**WHAT NEEDS TO BE DONE:**
Search the listing below for the line with "Frameless Shower Doors", then write out that line and every one after it exactly, without the pictures.

**GIVEN INFORMATION:**
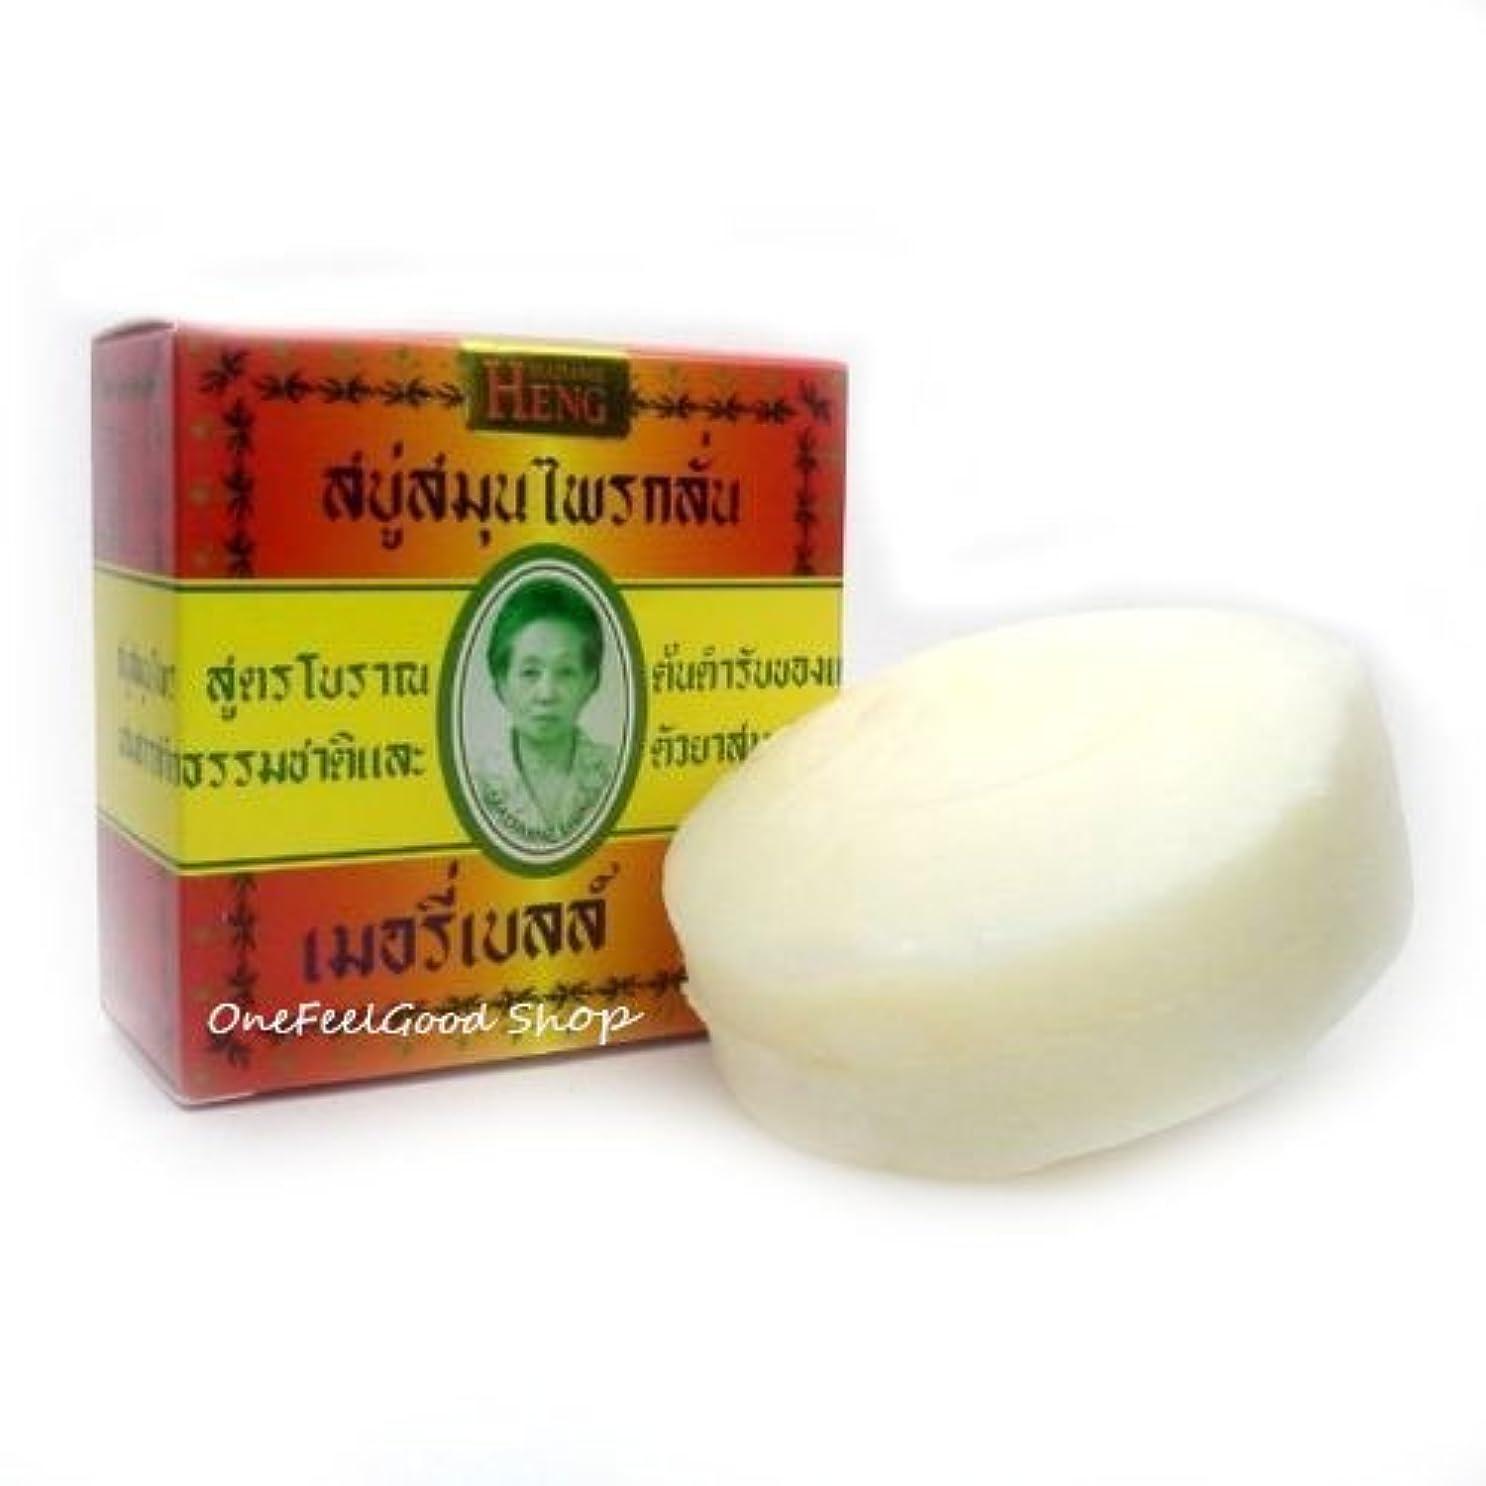 2 of MADAME HENG NATURAL SOAP BAR MERRY BELL ORIGINAL THAI (net wt 5.64 OZ.or 160g. / bar.) PACK OF 2 BAR. by...
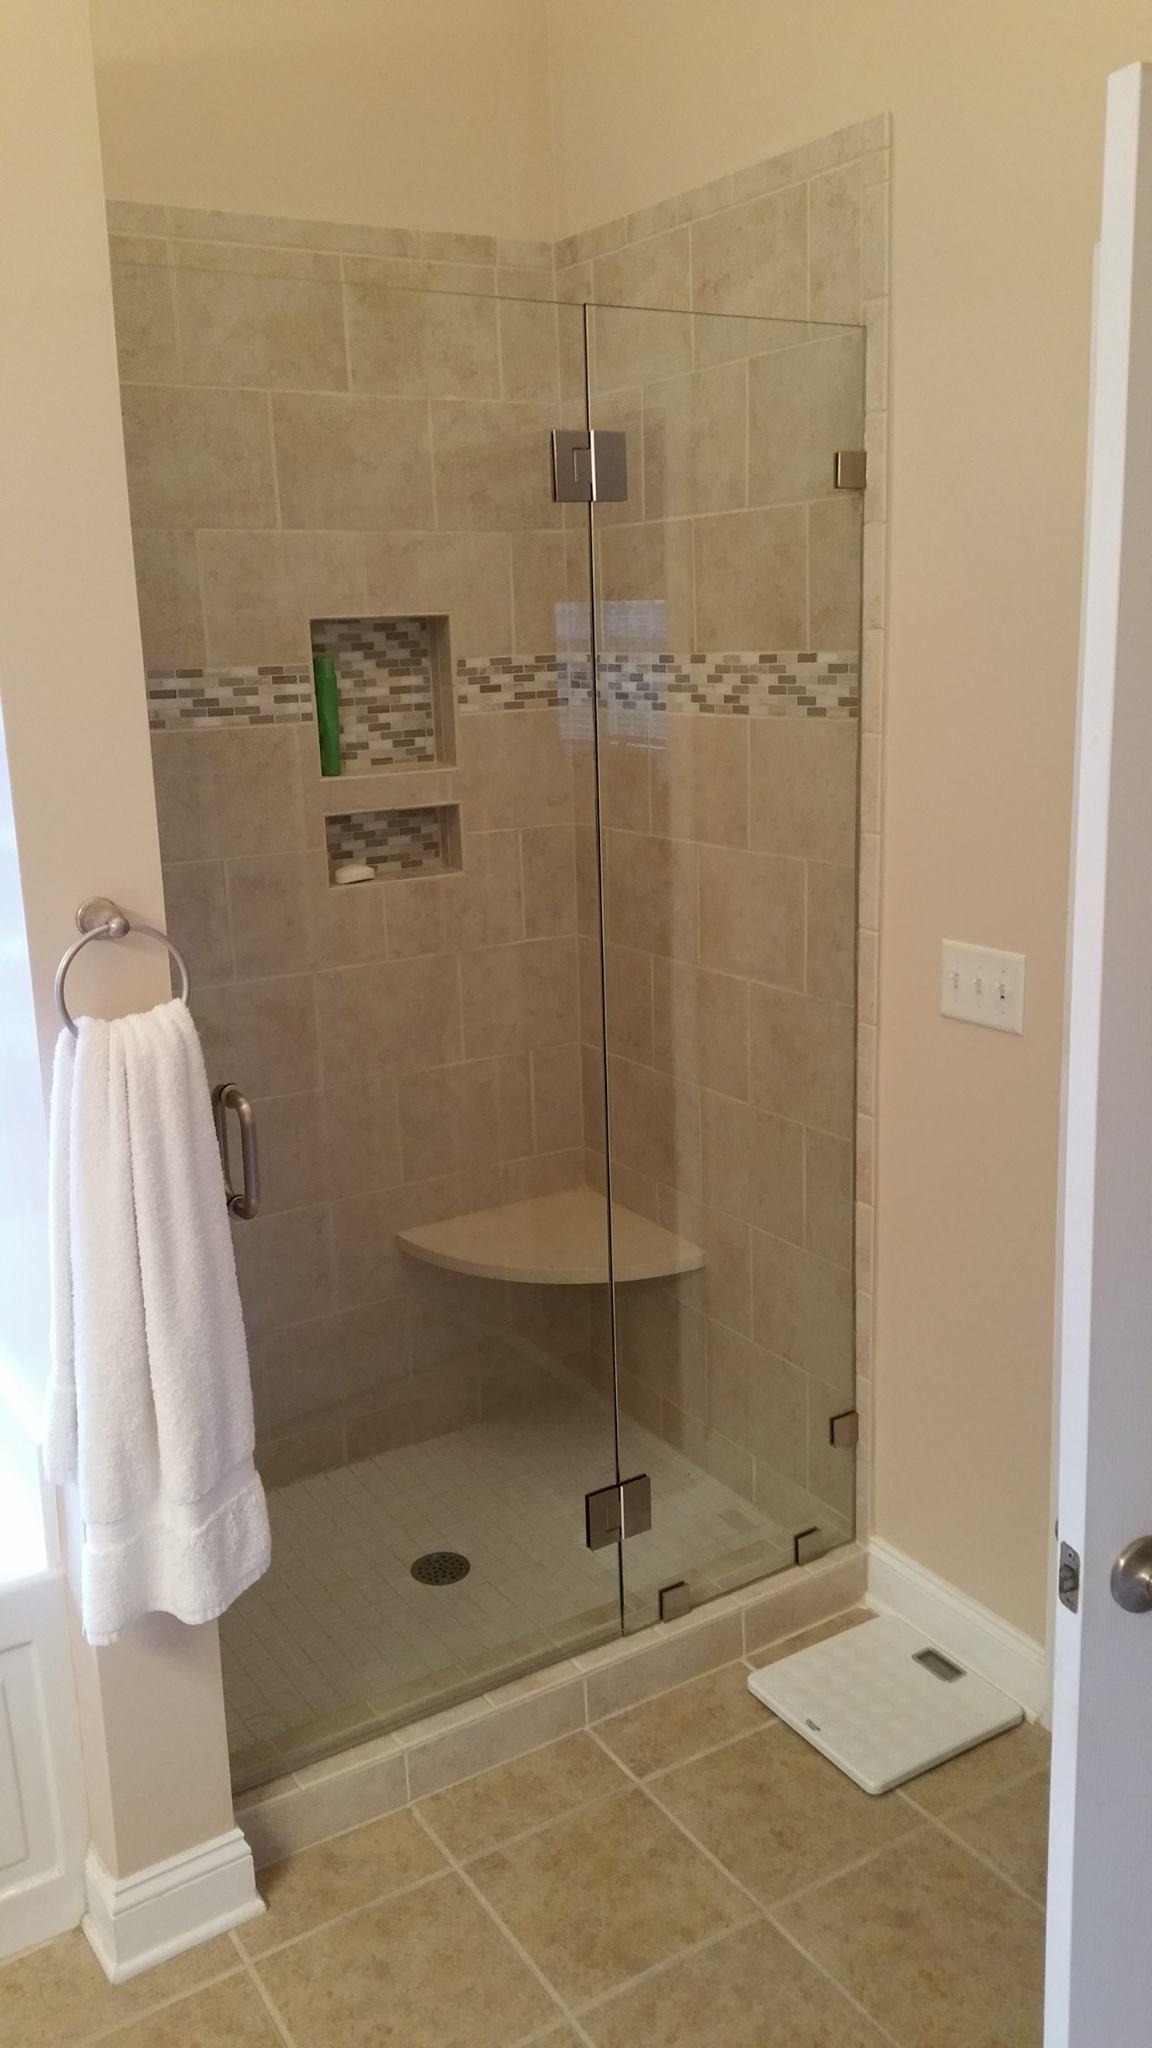 Frameless Shower Doors in Hampstead, NC | Registers Auto Glass
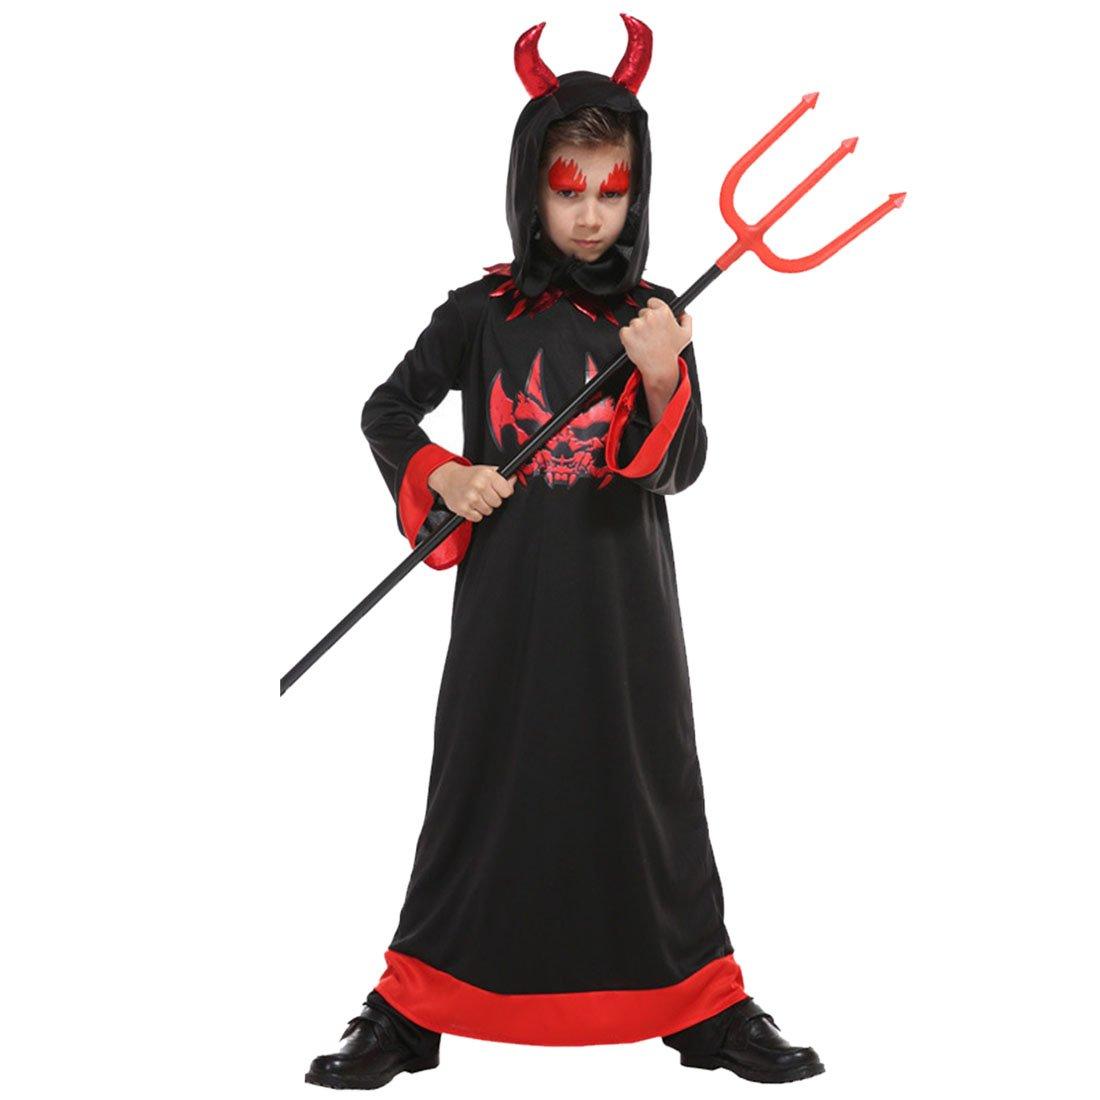 Jiyaru Halloween Kids Cloak Scary Vampire Costume Unisex Clothes Cosplay Party #6 S
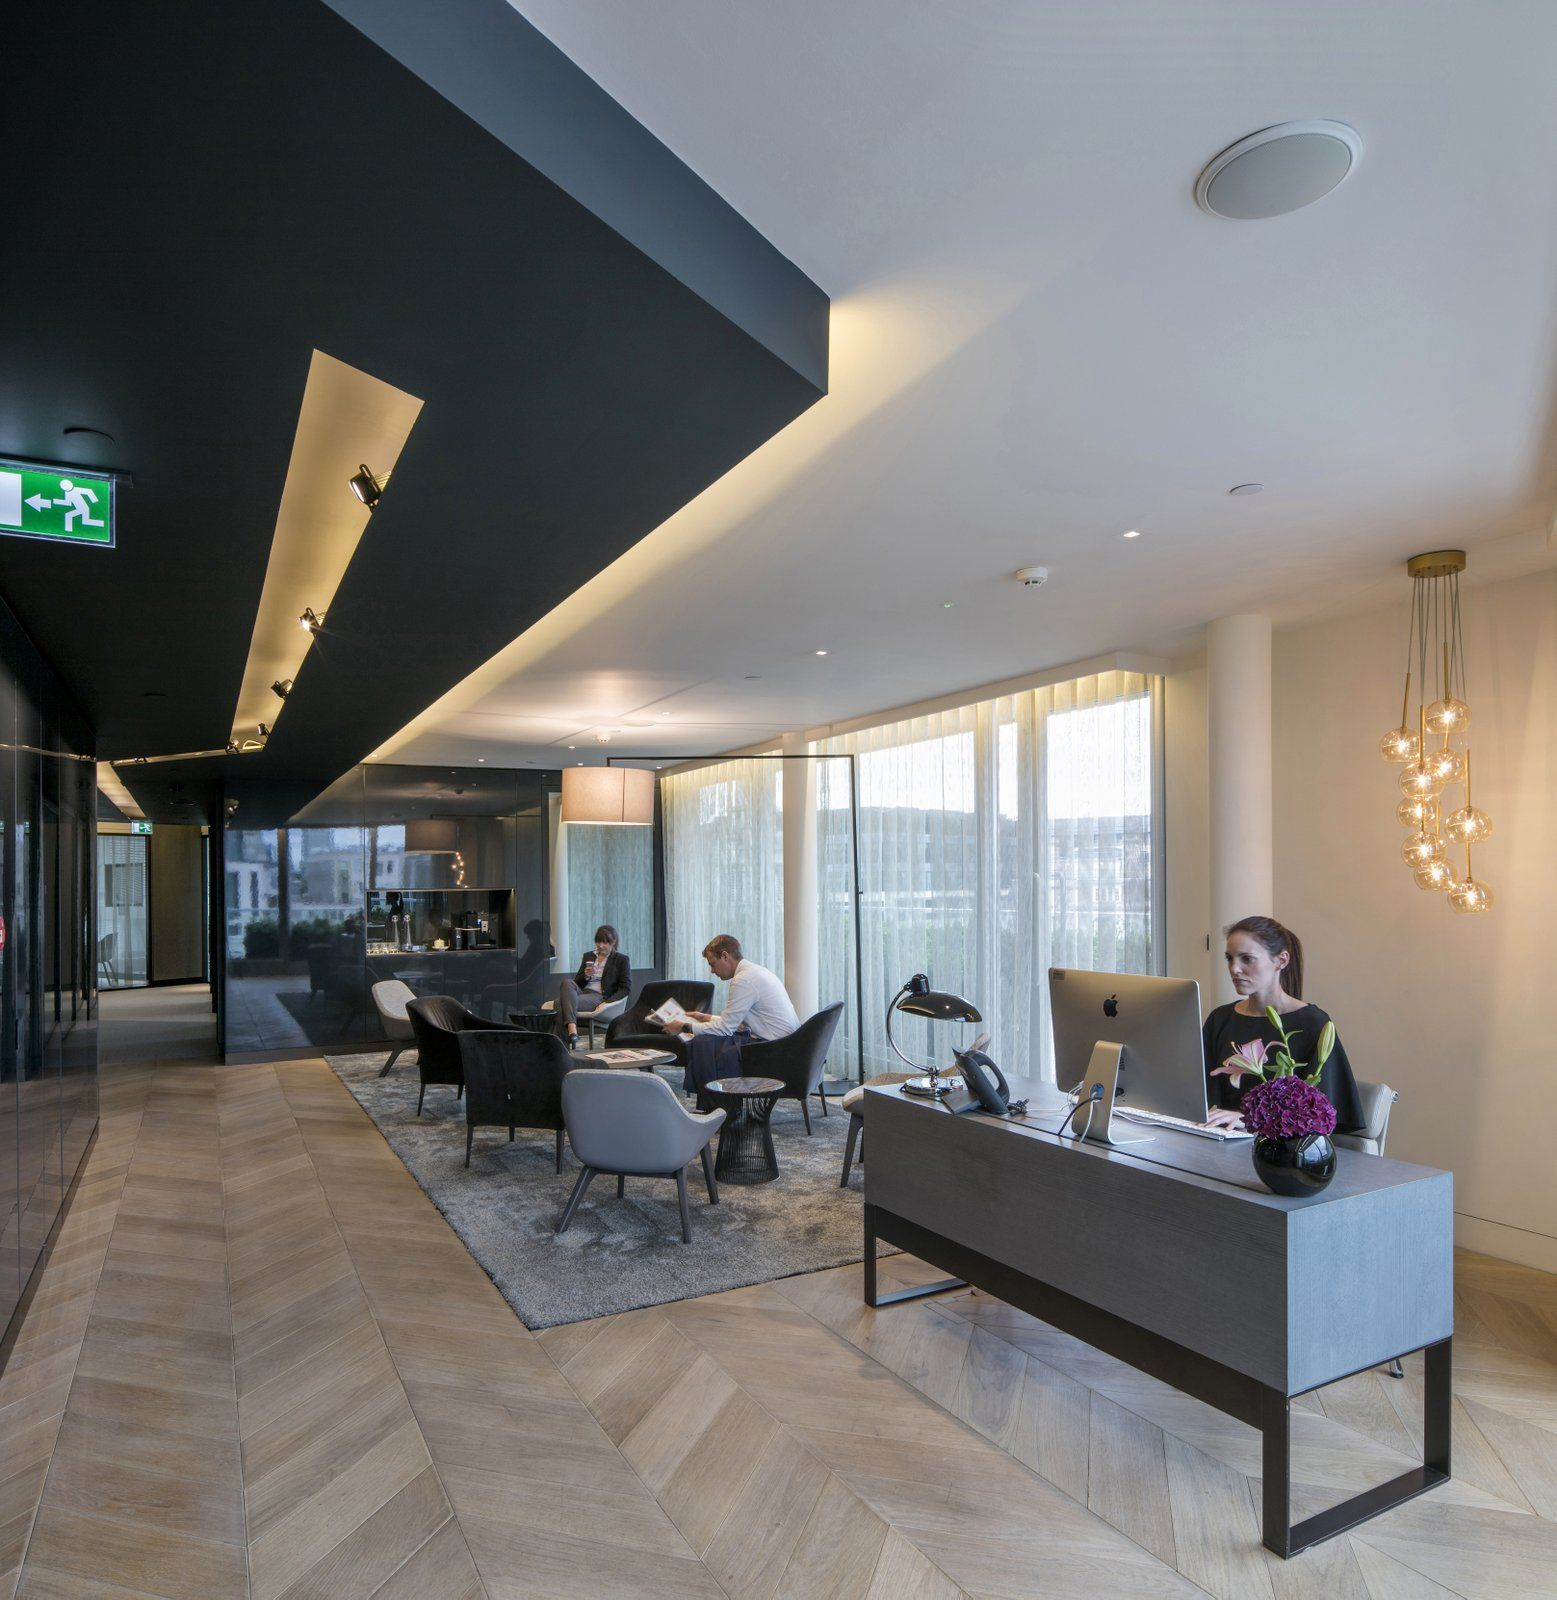 CBRE Offices U2013 London. Reception. Herringbone Wood Floor

**REPLY TO THE EXERCISE:**
 Frameless Shower Doors in Hampstead, NC | Registers Auto Glass
 Jiyaru Halloween Kids Cloak Scary Vampire Costume Unisex Clothes Cosplay Party #6 S
 CBRE Offices U2013 London. Reception. Herringbone Wood Floor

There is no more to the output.